→ Given records:
________________________________________

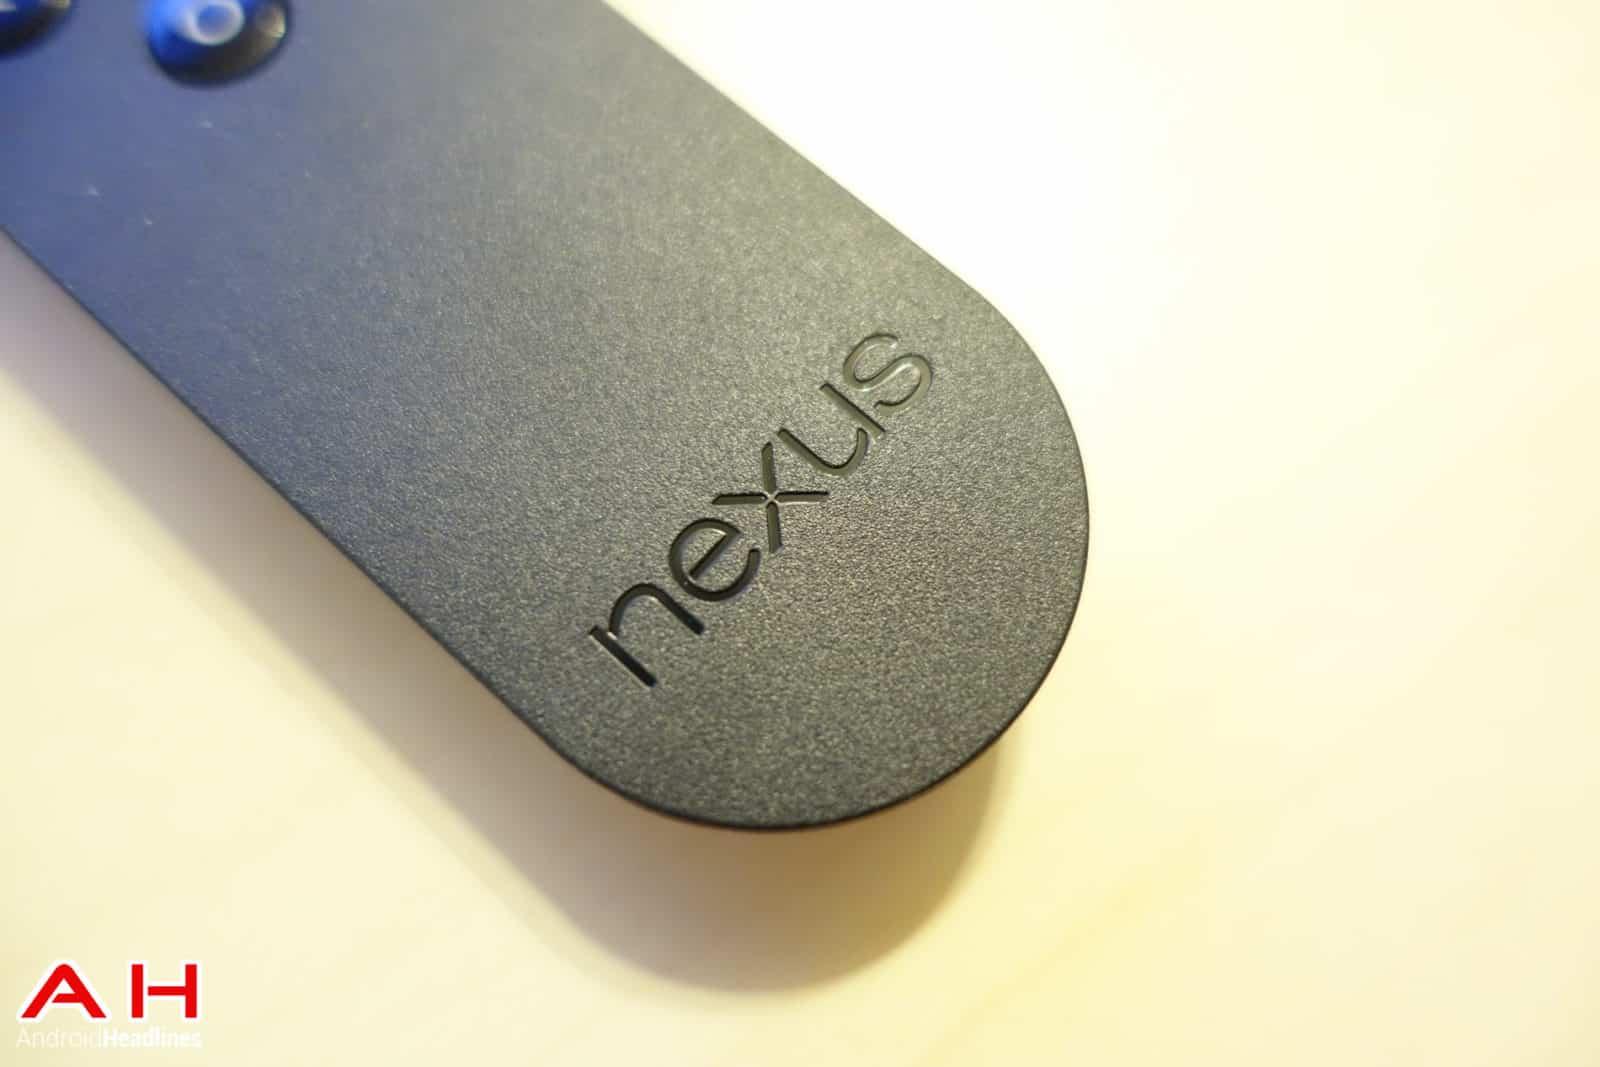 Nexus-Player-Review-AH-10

________________________________________

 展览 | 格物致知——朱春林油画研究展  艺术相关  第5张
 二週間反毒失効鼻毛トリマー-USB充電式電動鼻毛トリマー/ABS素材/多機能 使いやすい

________________________________________

Please return the lines above that run from the line containing "展览 | 格物致知——朱春林油画研究展" to the line containing "二週間反毒失効鼻毛トリマー-USB充電式", inclusive, exactly and with no other lines.

 展览 | 格物致知——朱春林油画研究展  艺术相关  第5张
 二週間反毒失効鼻毛トリマー-USB充電式電動鼻毛トリマー/ABS素材/多機能 使いやすい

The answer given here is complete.